▶ [Work task]: Please repeat exactly the lines below from the line with "painted between 1925-1926" to the line with "download the last", including both, and leave out every picture.

▶ [Data for this exercise]:
..........
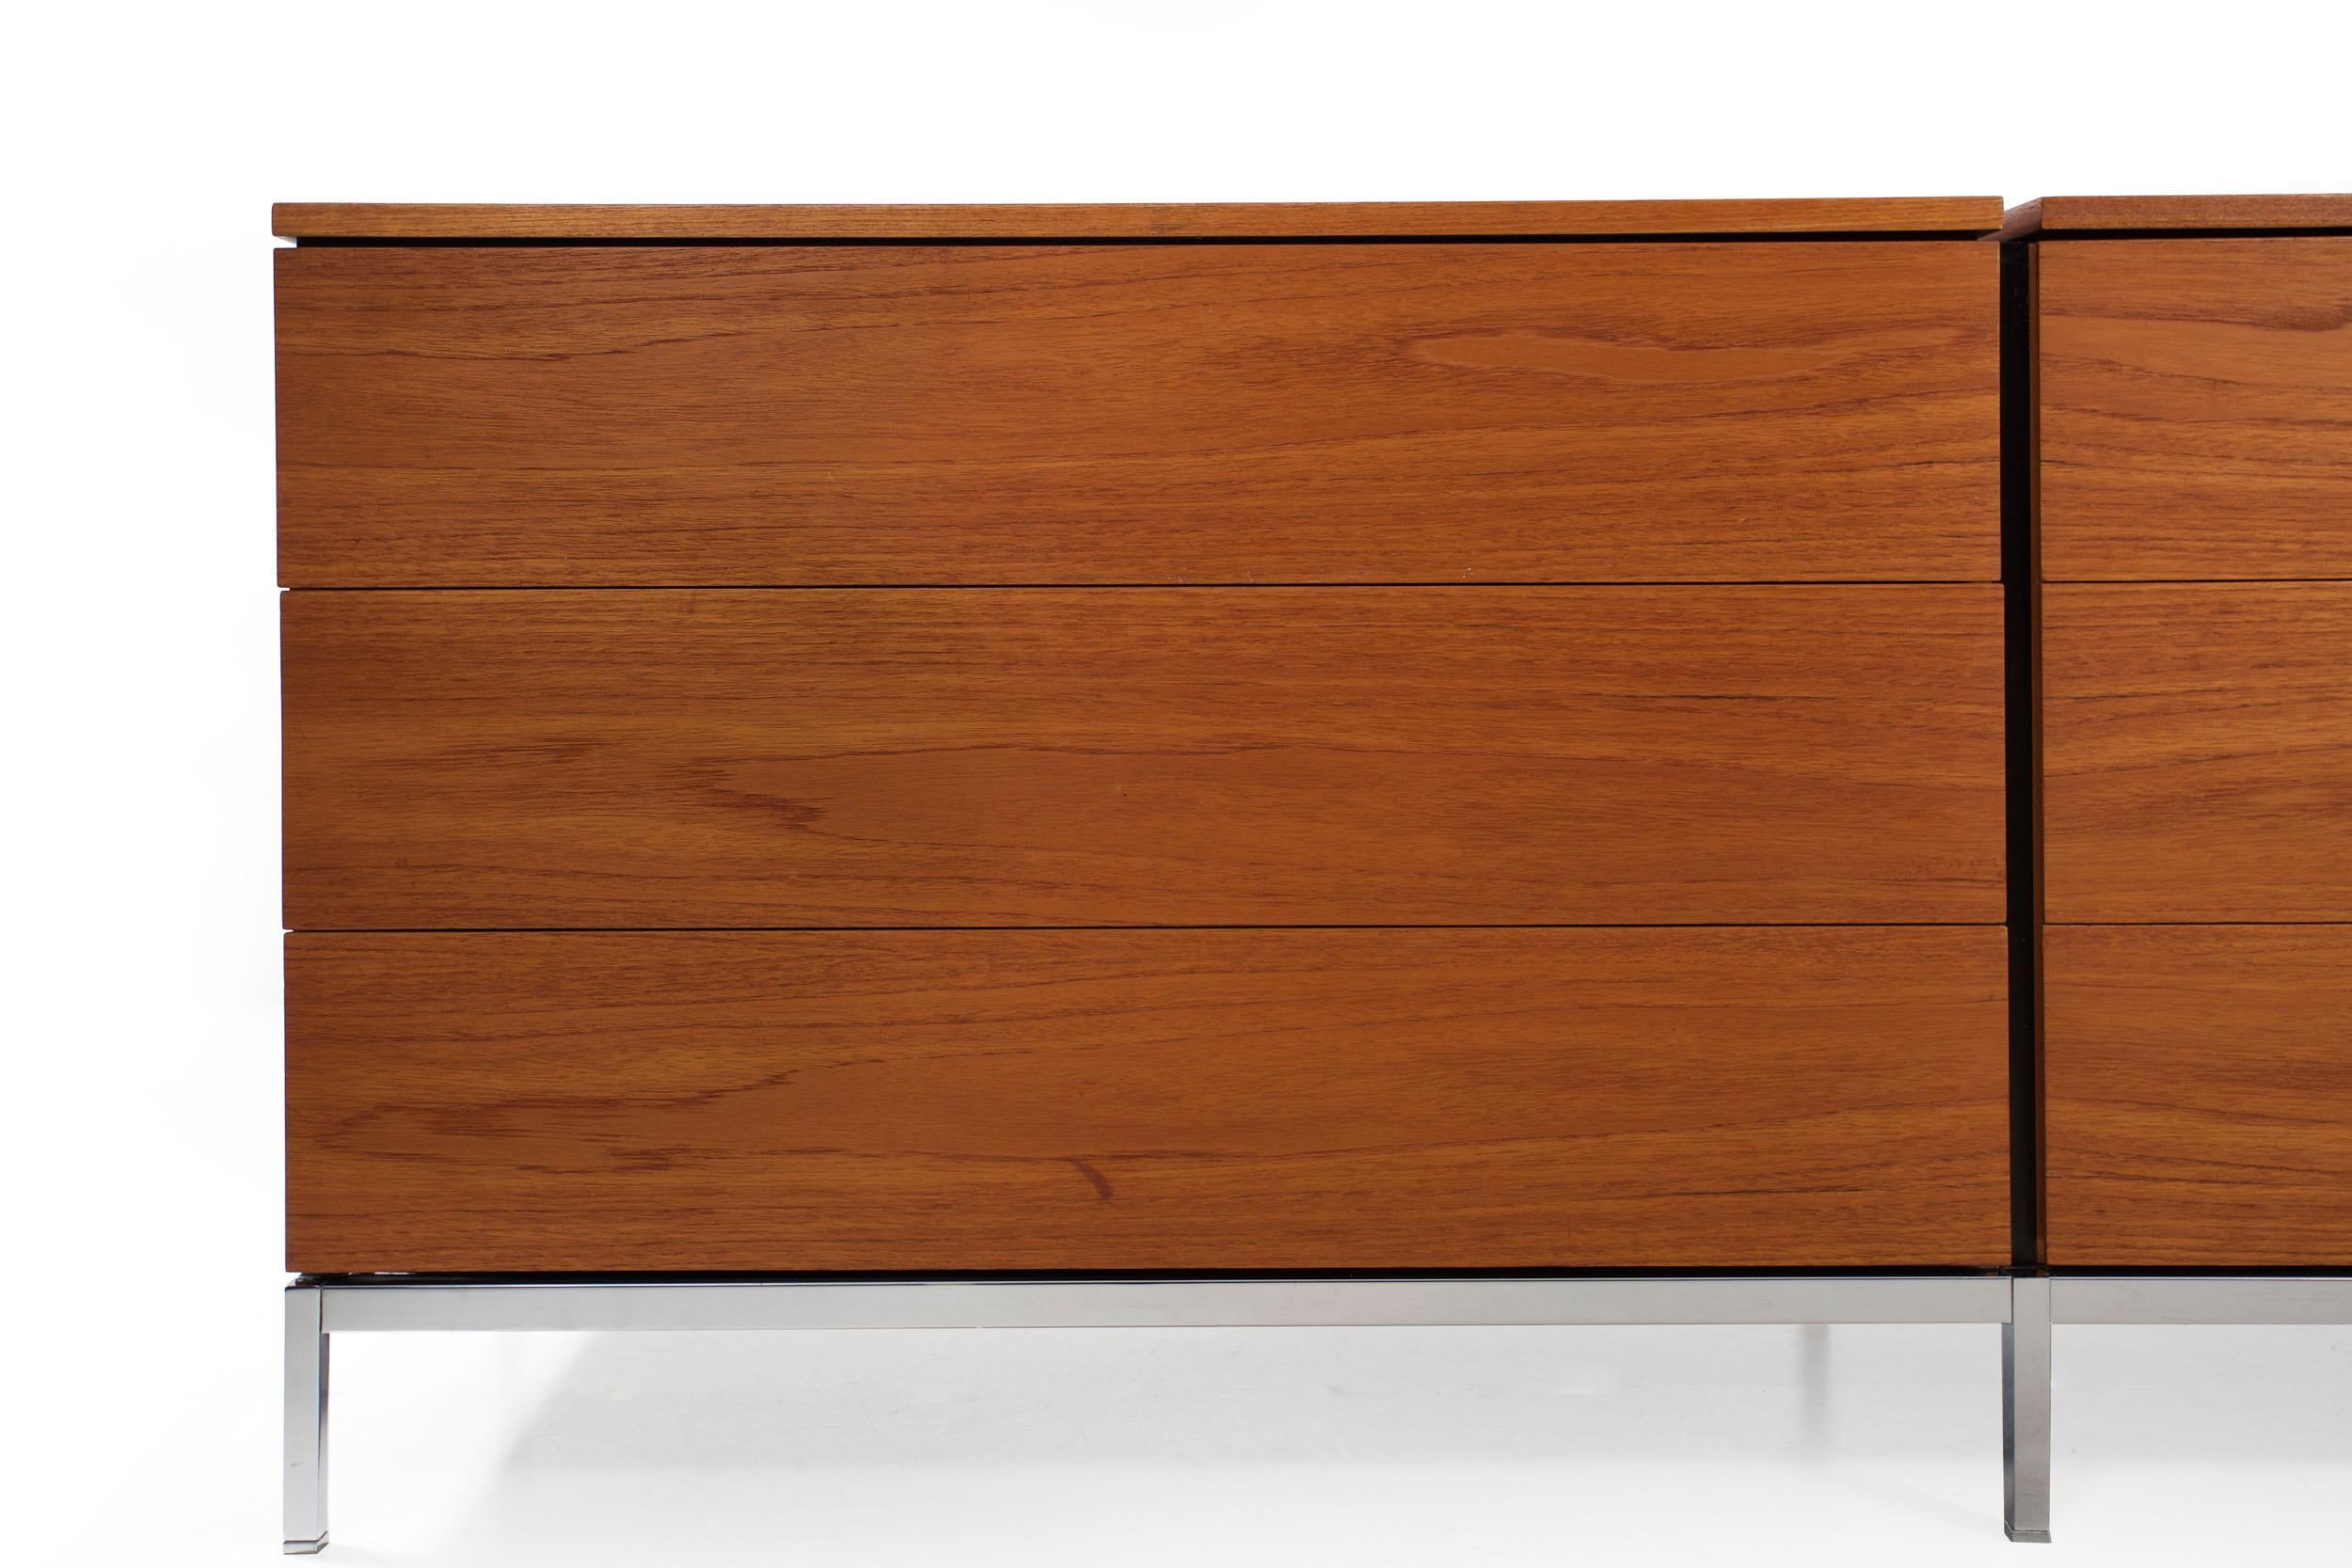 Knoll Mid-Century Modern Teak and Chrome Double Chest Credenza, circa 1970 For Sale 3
..........
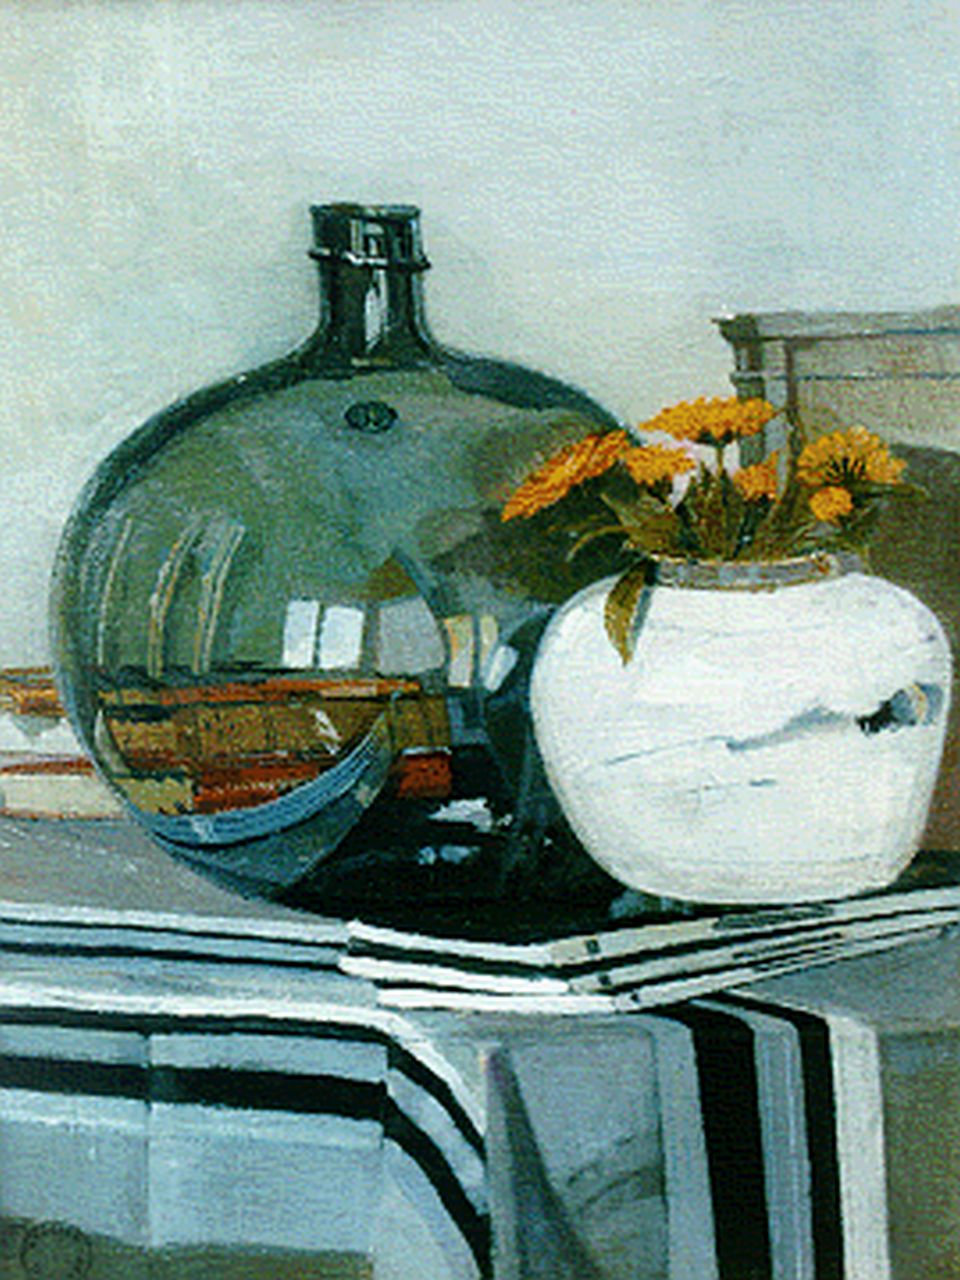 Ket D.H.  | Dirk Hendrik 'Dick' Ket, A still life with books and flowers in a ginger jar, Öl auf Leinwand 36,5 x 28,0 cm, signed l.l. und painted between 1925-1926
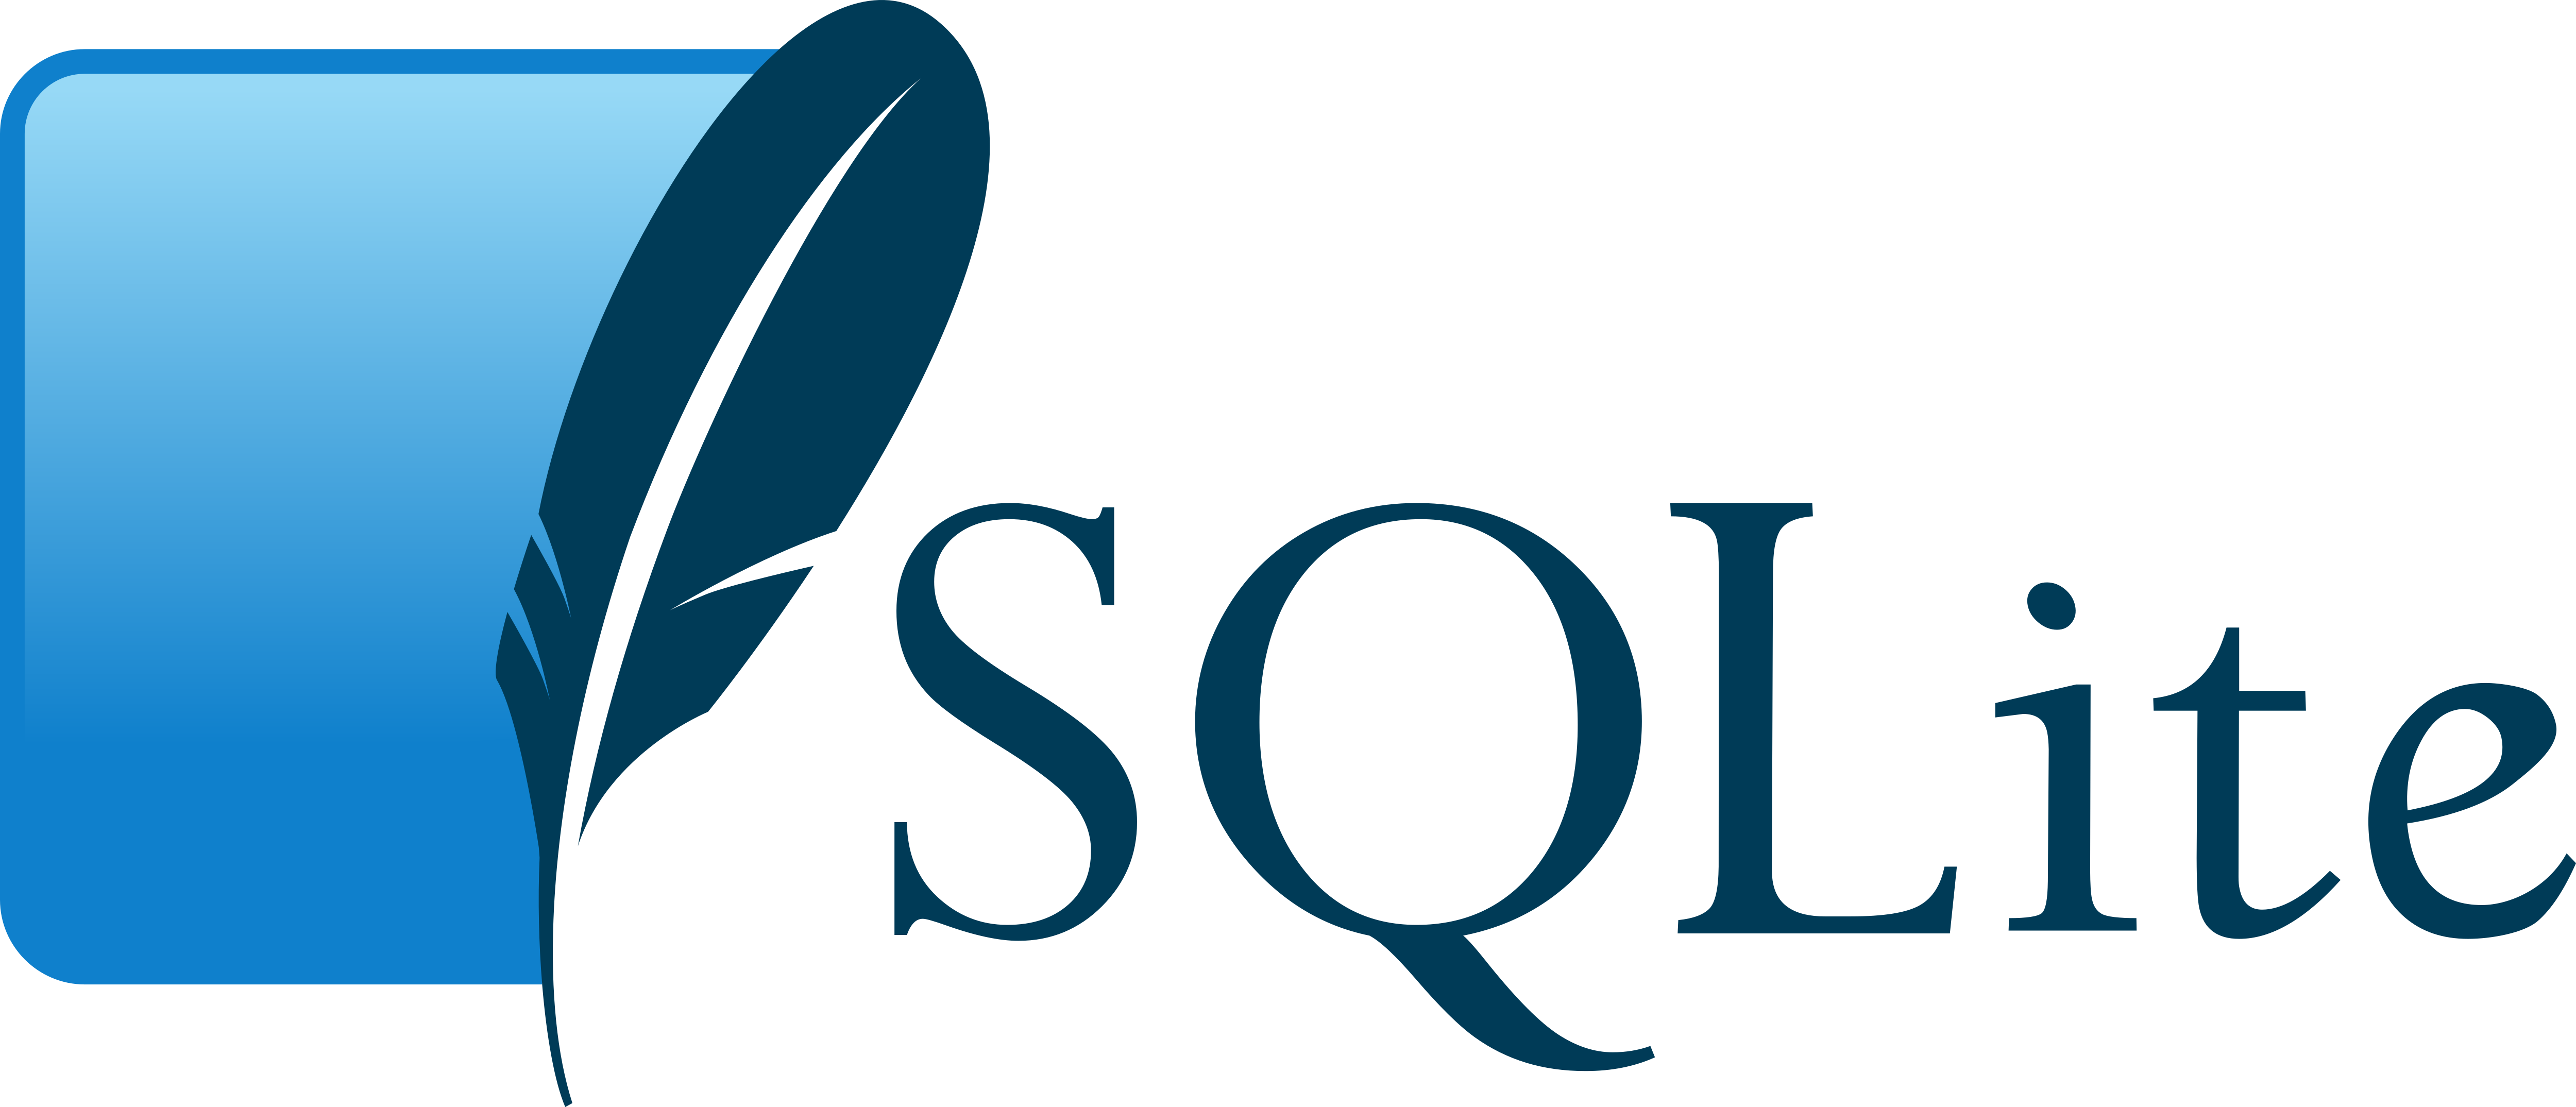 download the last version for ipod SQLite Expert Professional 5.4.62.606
..........
▶ [Expected answer]:
 Ket D.H.  | Dirk Hendrik 'Dick' Ket, A still life with books and flowers in a ginger jar, Öl auf Leinwand 36,5 x 28,0 cm, signed l.l. und painted between 1925-1926
 download the last version for ipod SQLite Expert Professional 5.4.62.606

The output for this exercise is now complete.